## Task prompt
Could you write out every record below exactly, leaving out any pictures?

## The data
■ ■ ■ ■
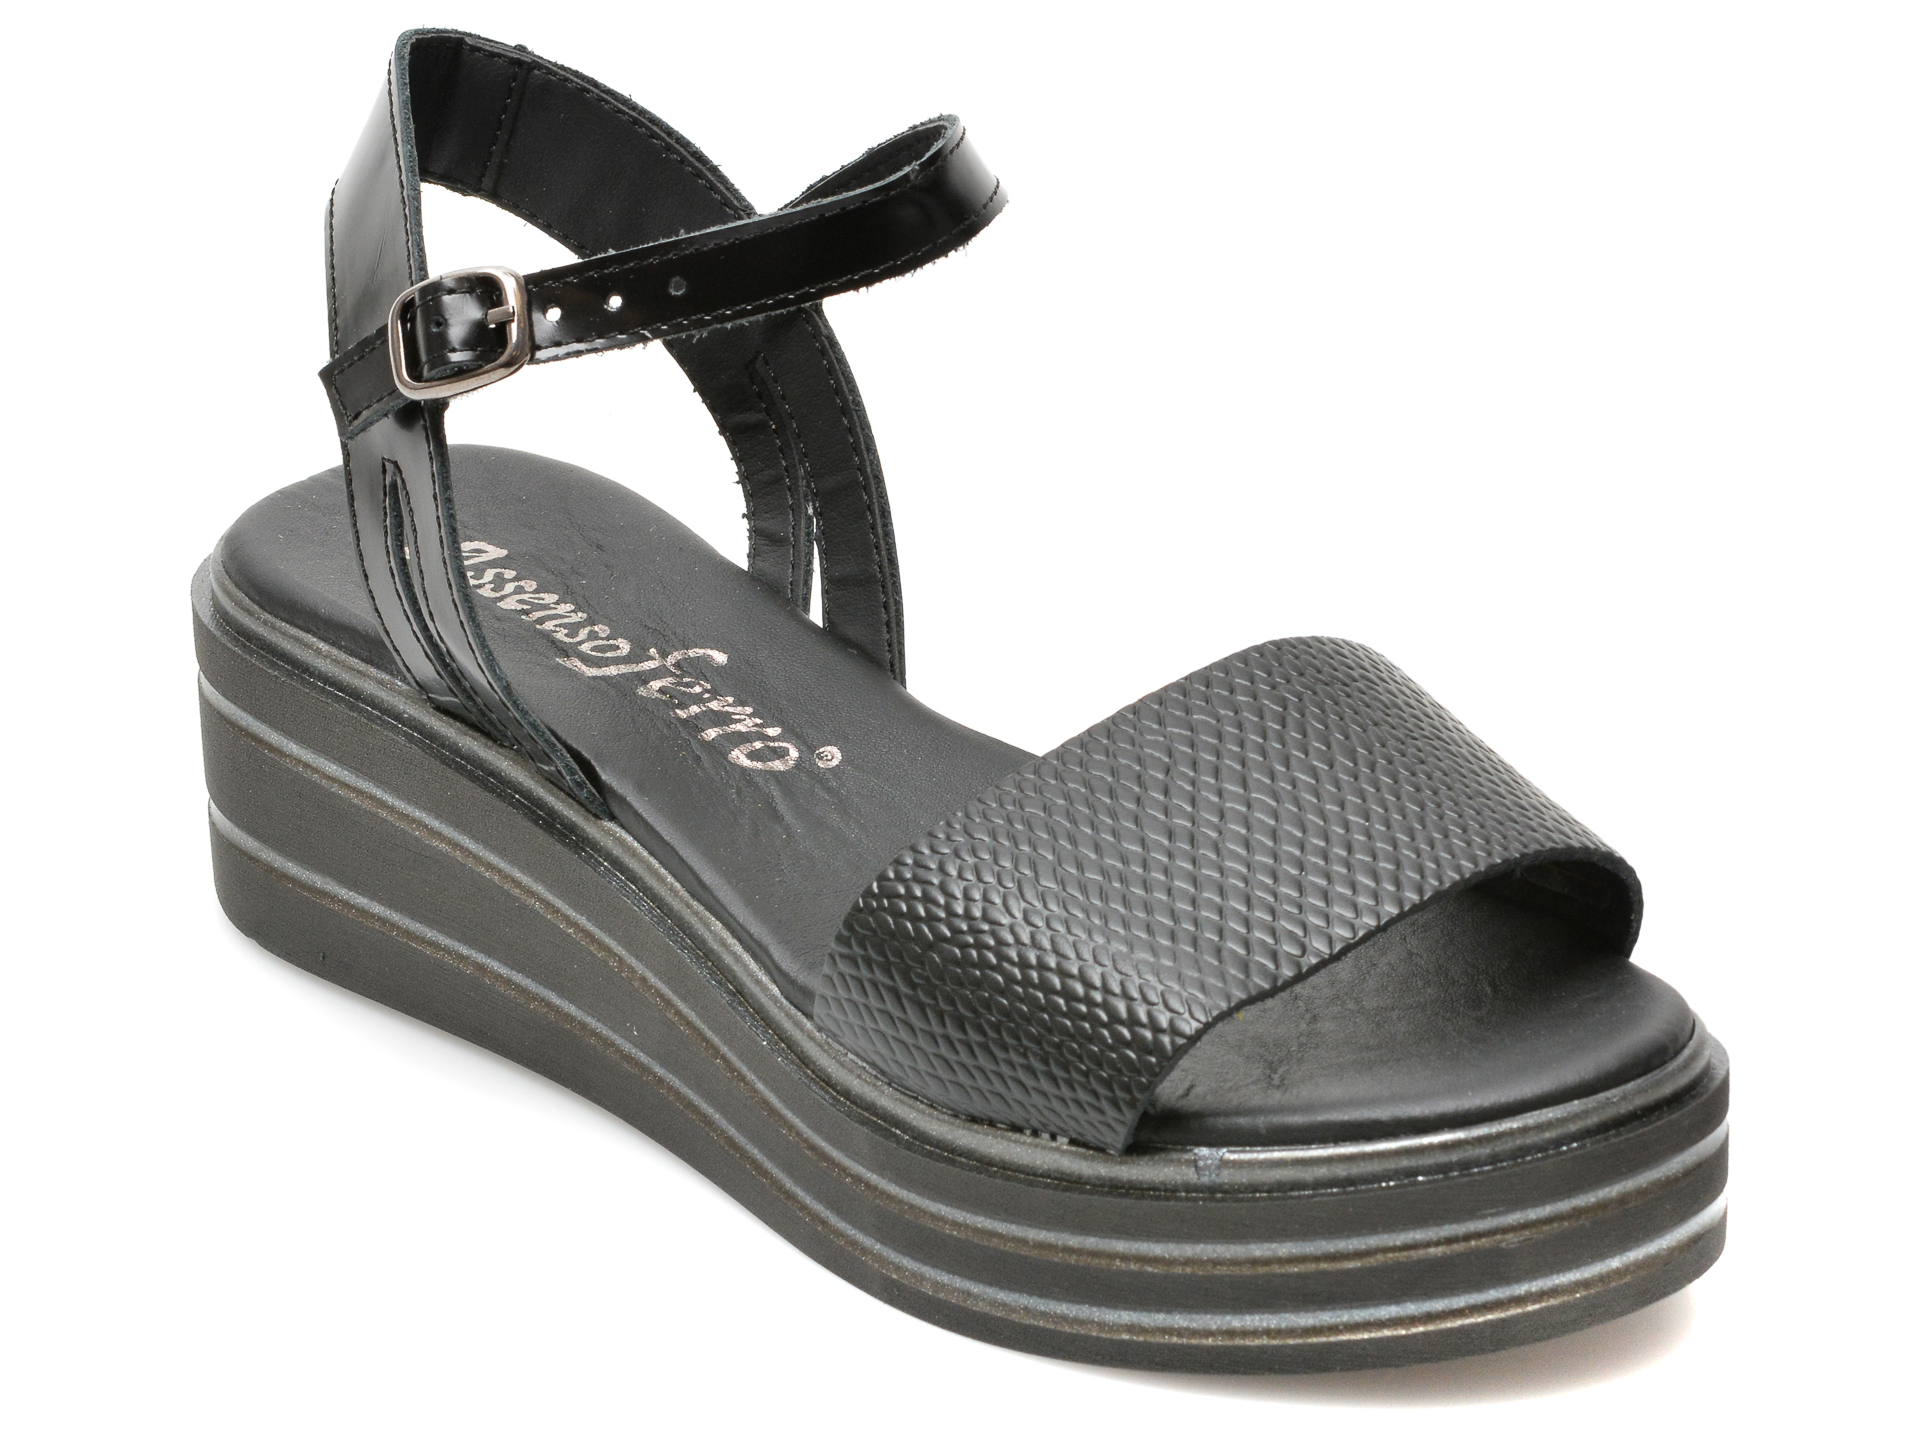 Sandale ASSENSO FERRO negre, 32920, din piele naturala /femei/sandale
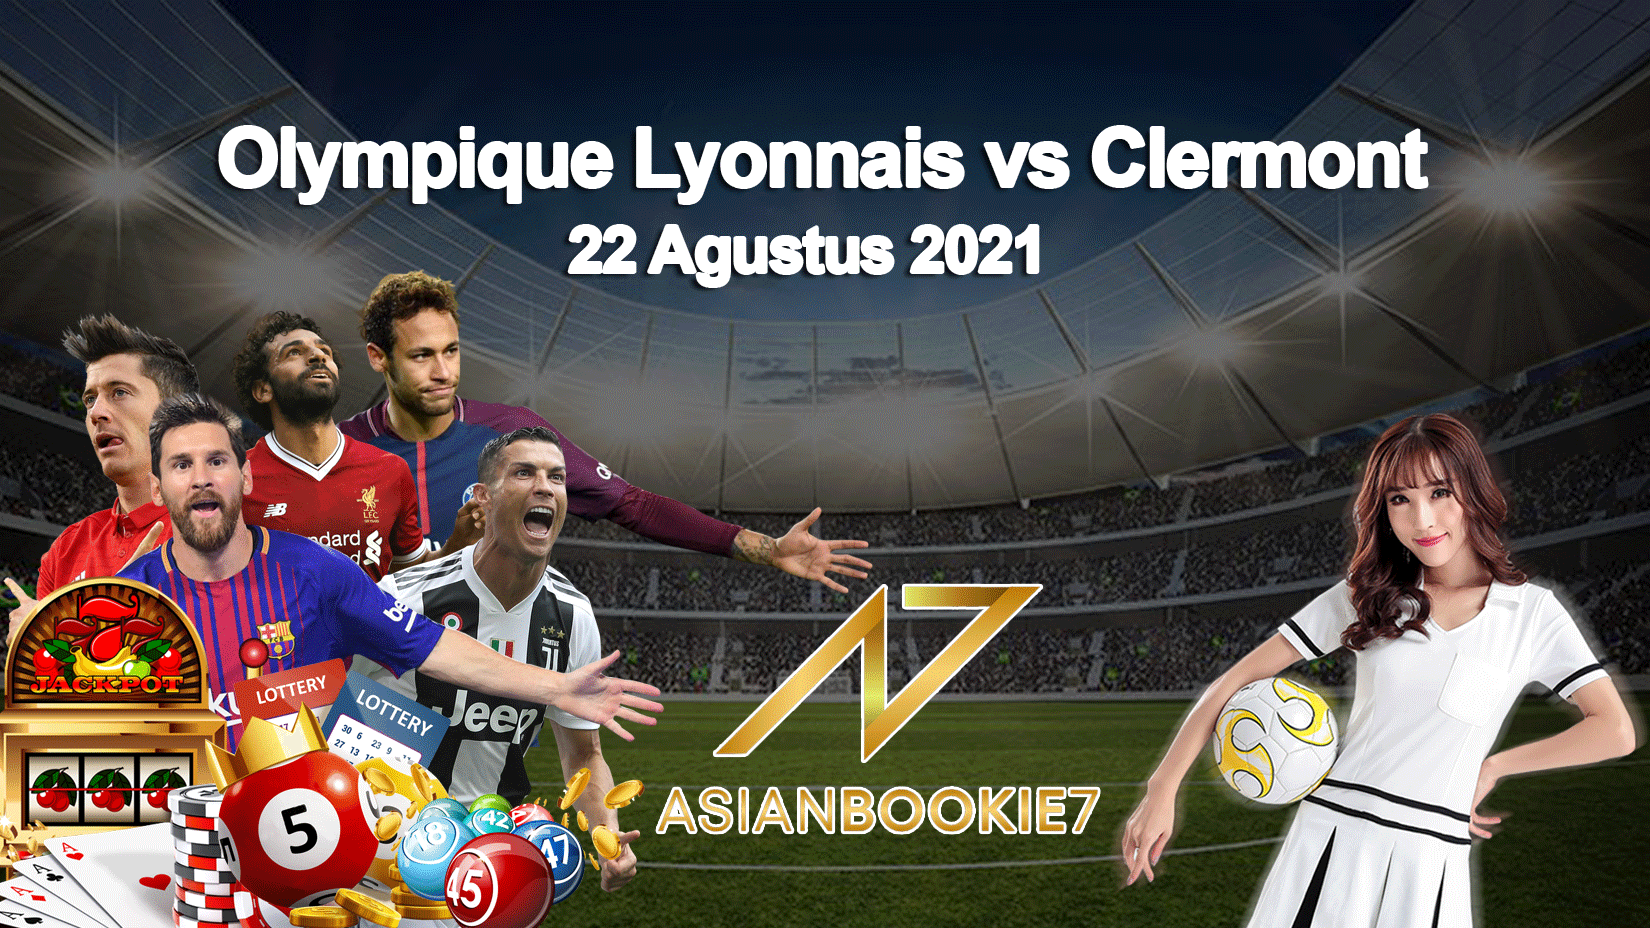 Prediksi Olympique Lyonnais vs Clermont 22 Agustus 2021
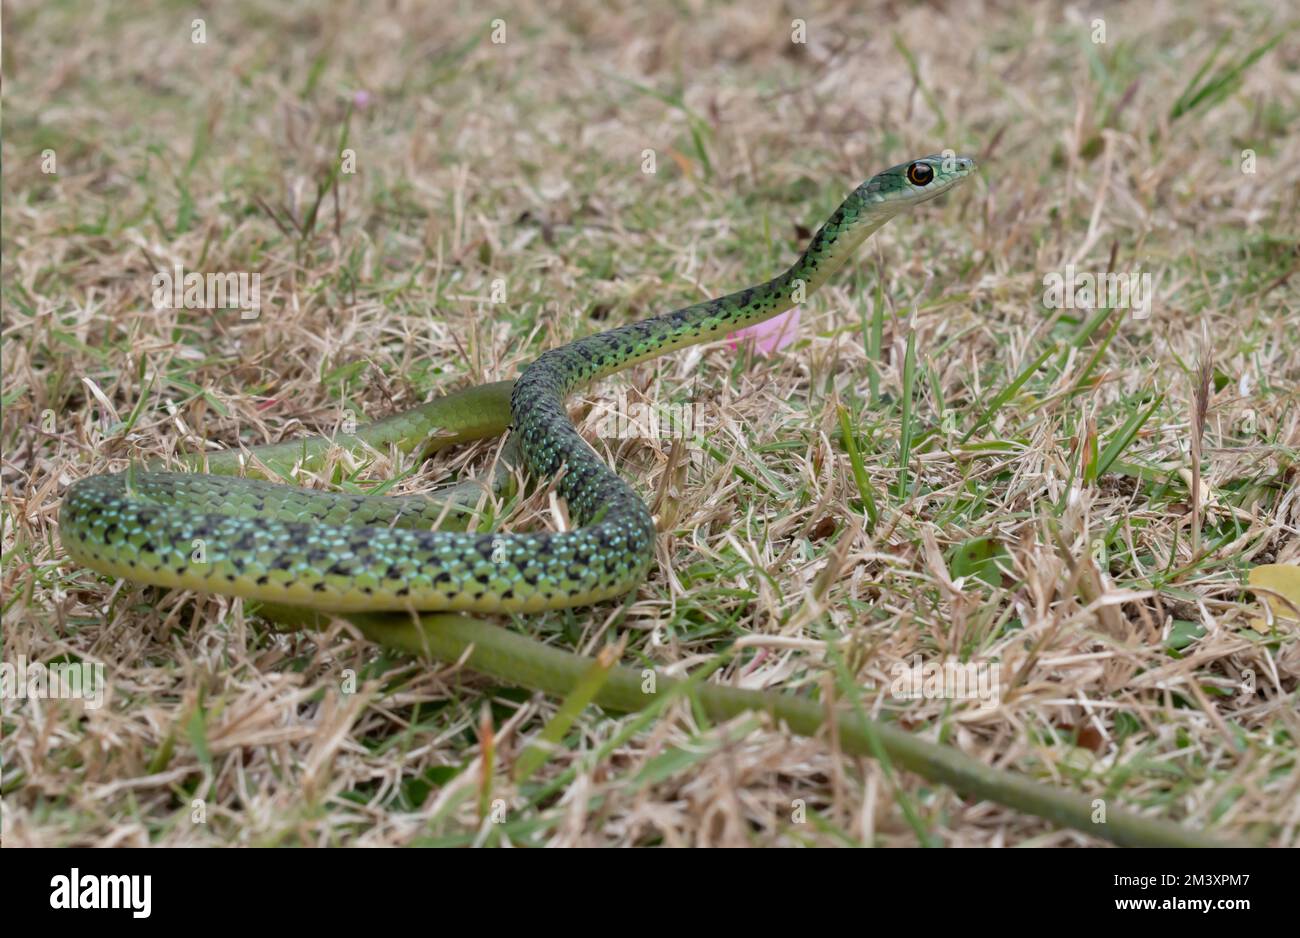 Magnifique serpent de brousse à pois (Philothamnus semivariegatus) Banque D'Images
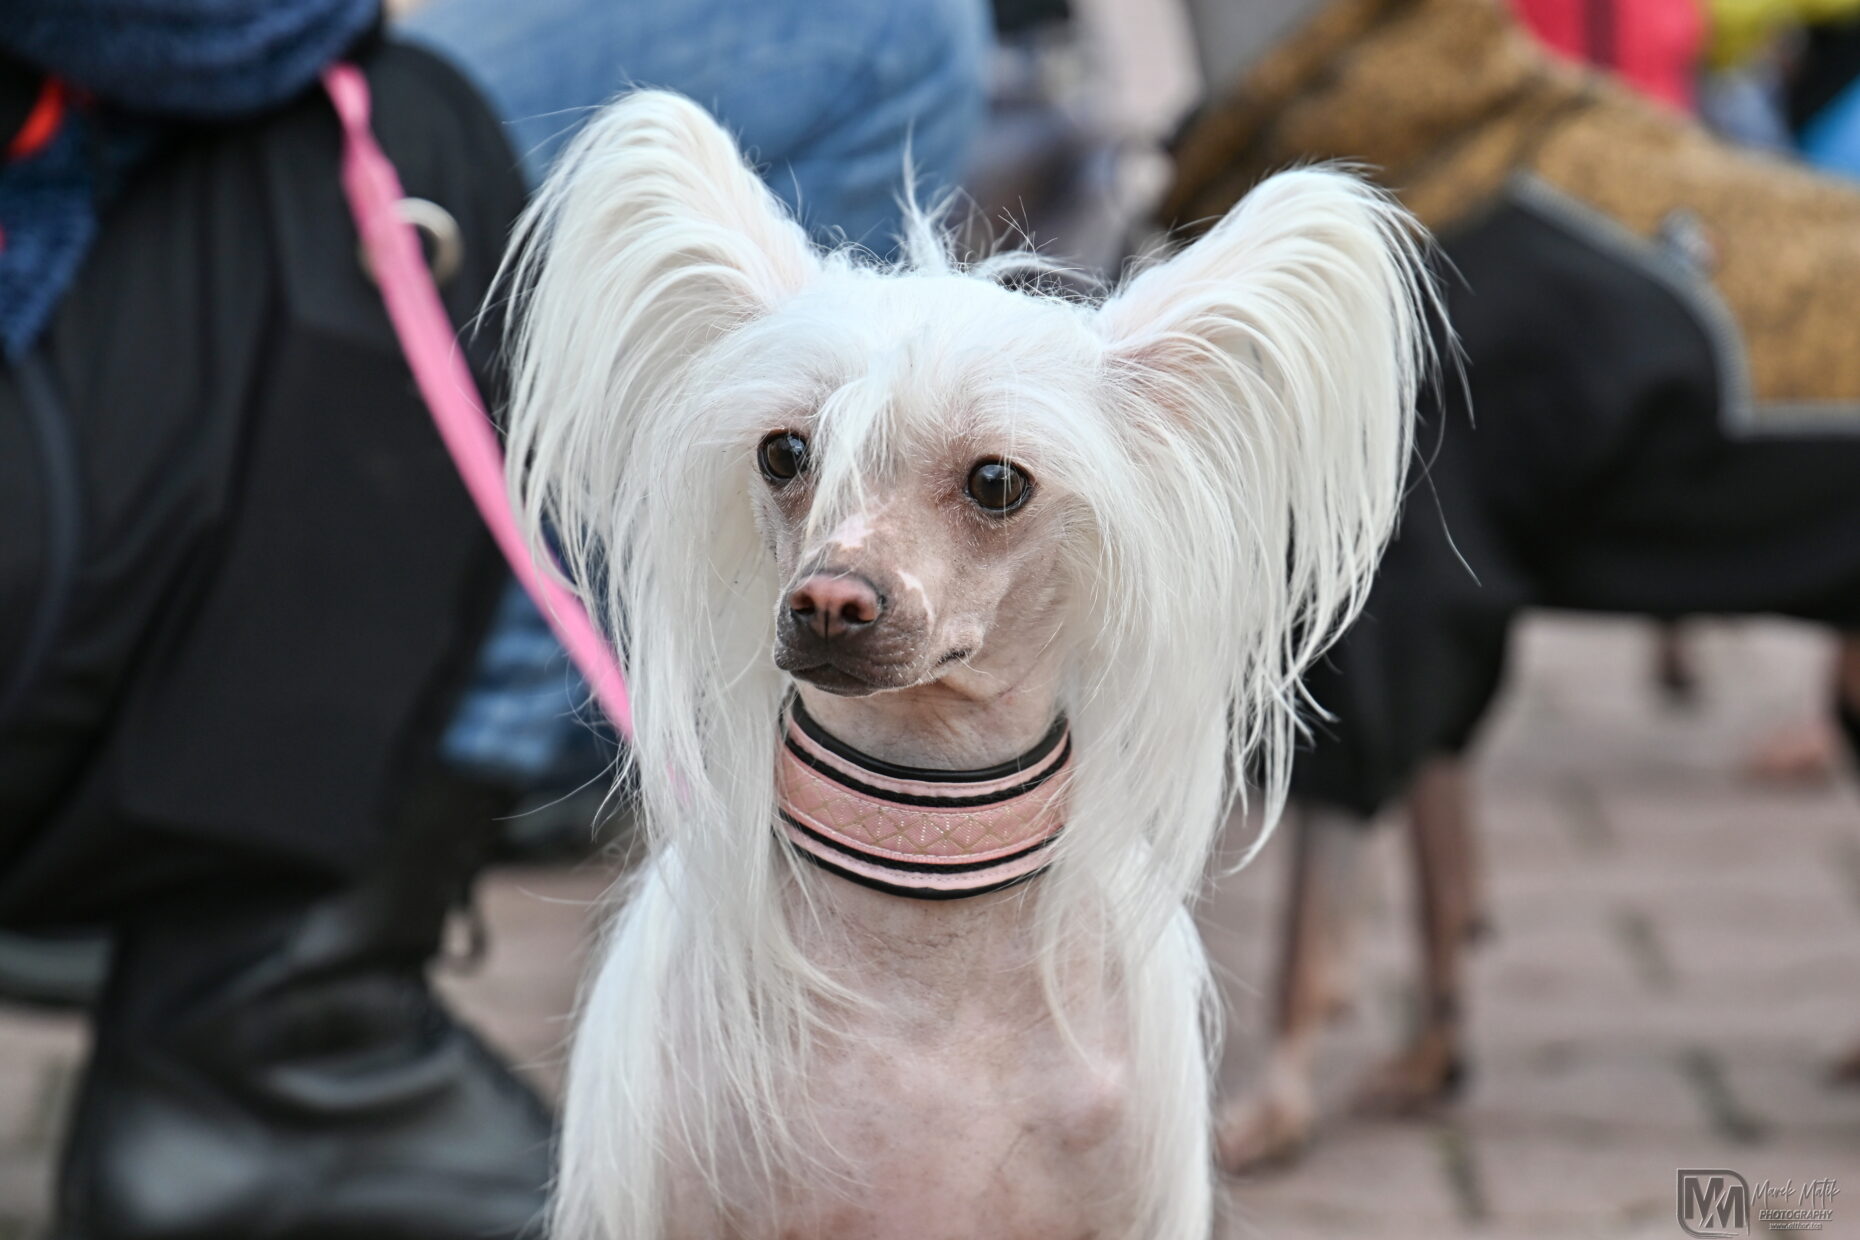 I love naked Procházky bezsrstých plemen psů americký bezsrstý teriér peruánský naháč mexický naháč čínský chocholatý pes
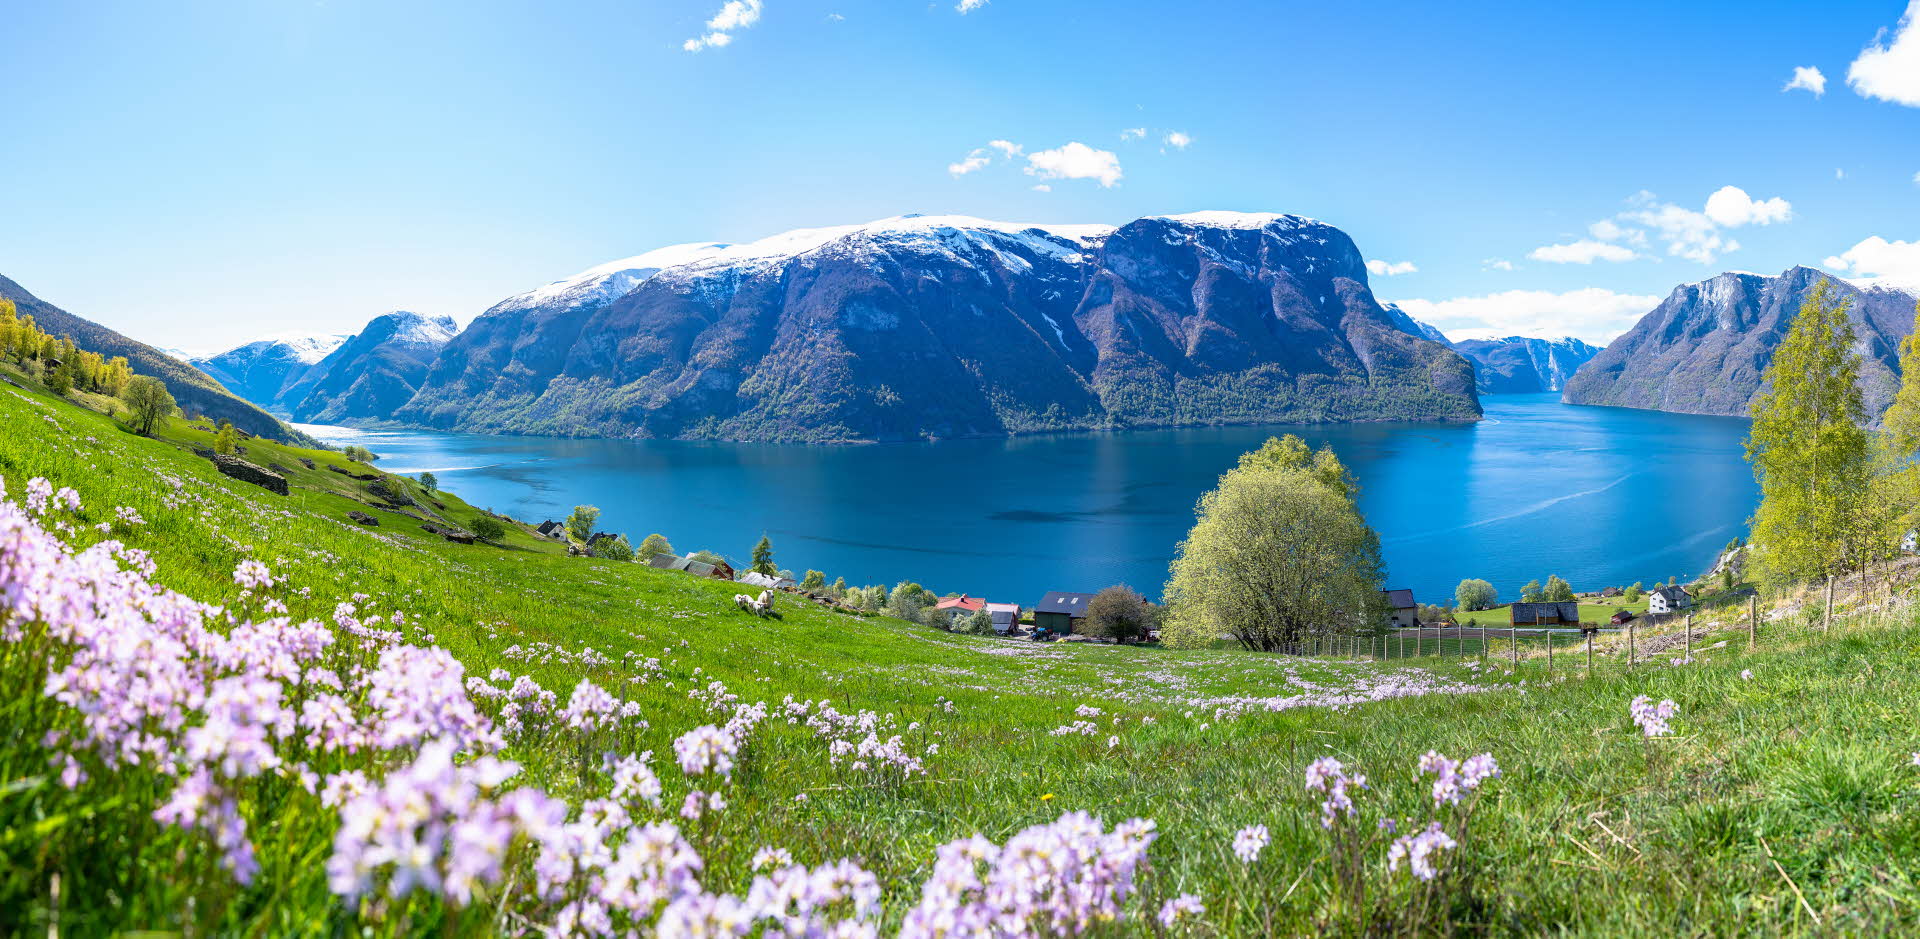 俯瞰艾于兰绿色的、鲜花盛开的草地和上面的绵羊，同时还能看到被联合国教科文组织收入名录的挪威艾于兰峡湾
■ ■ ■ ■
## Result
 Sandale ASSENSO FERRO negre, 32920, din piele naturala /femei/sandale
 Prediksi Olympique Lyonnais vs Clermont 22 Agustus 2021
 Magnifique serpent de brousse à pois (Philothamnus semivariegatus) Banque D'Images
 I love naked Procházky bezsrstých plemen psů americký bezsrstý teriér peruánský naháč mexický naháč čínský chocholatý pes
 俯瞰艾于兰绿色的、鲜花盛开的草地和上面的绵羊，同时还能看到被联合国教科文组织收入名录的挪威艾于兰峡湾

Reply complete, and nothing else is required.